If you are having trouble staying on track, then think about the reasons behind your spending. Carefully align your spending with your values. Once you find alignment between your values and your spending, you may find more joy even without overspending.

Find a Side Hustle

If you are having trouble meeting your financial goals, then you may need to increase your income. A side hustle is a perfect way to increase your income. A side hustle offers flexibility on the amount of time you commit and the amount of money you can earn. Whether you want to work from home in your free time or pick up a second job, you can increase your income with the power of a side hustle.

Put your savings on autopilot

Once you’ve worked out your budget, you could choose to automatically transfer your savings into a separate account each month. With this, you’ll be able to save the money you plan to without needing to resist the urge to spend down your checking account.

If you have trouble sticking to a budget if the money is readily available, then move it to a separate account that is slightly less accessible. With that, you’ll be forced to think about your spending actions before you swipe your card.

Additionally, you can have your retirement savings pulled right out of your paycheck. In this case, you wouldn’t have to worry about spending your retirement savings because they would never touch your regular checking account.

Don’t focus on a deadline

Yes, setting savings goals are important. However, it is important to not get too caught up in your deadlines. As long as you are making progress towards your savings goals, missing a goal by a few hundred dollars is not the end of the world.
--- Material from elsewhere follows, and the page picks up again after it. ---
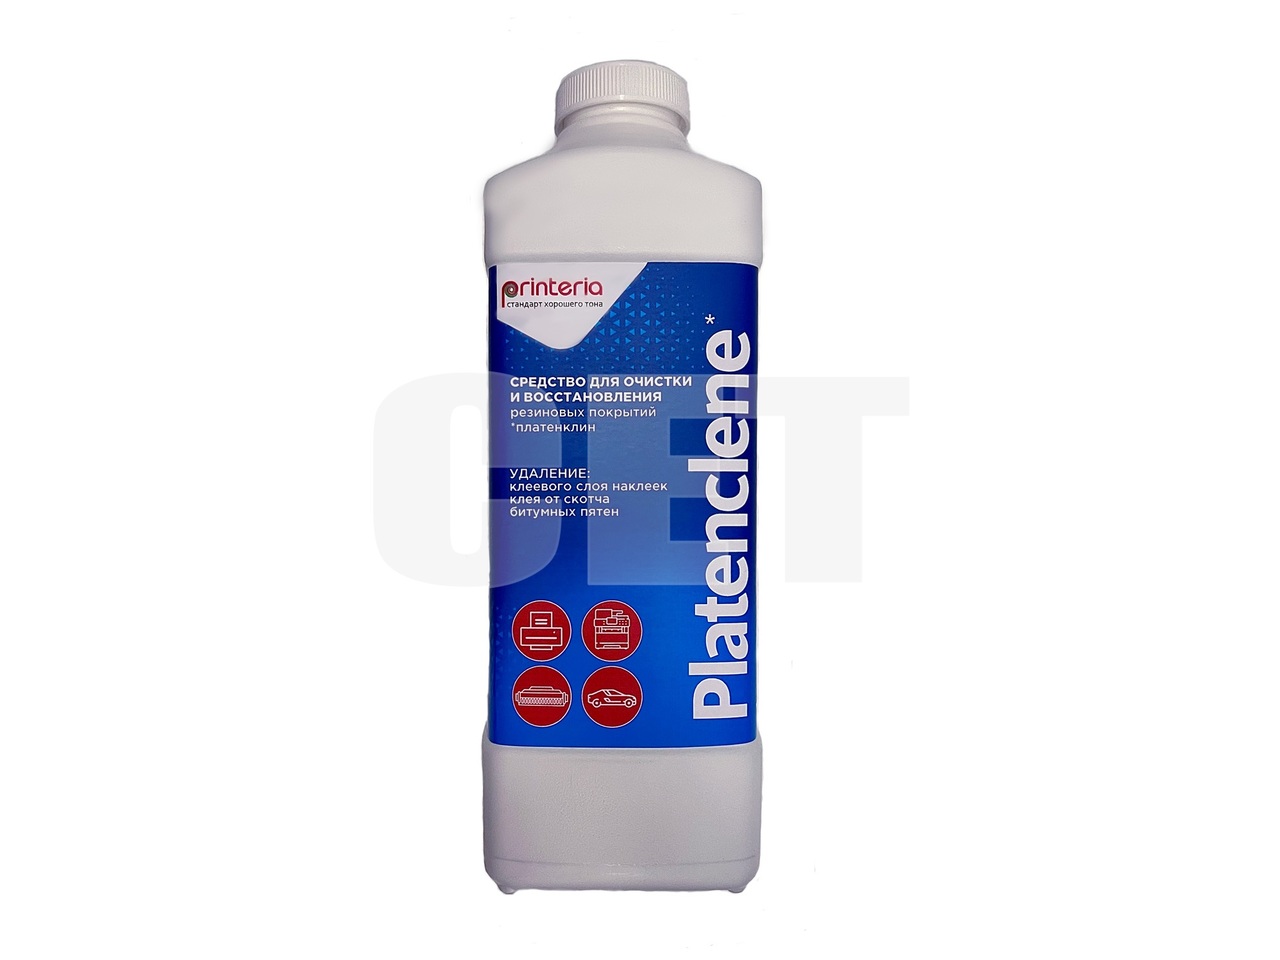 Средство для очистки и восстановления резиновыхповерхностей Platenclene (Printeria), 1л, DGP54434

Don’t allow yourself to get discouraged and stop saving altogether. Instead, continue to save based on your plan and watch your savings grow over time. You might be surprised how quickly they add up once you have the right systems in place.

The bottom line

If you are starting from the bottom, then you have the perfect opportunity to build a solid financial foundation. After all, you need to understand the base of your financial success in order to sustain it over the long term. Instead of looking at saving money as a cumbersome challenge, look at it as a way to redefine your future on your own terms.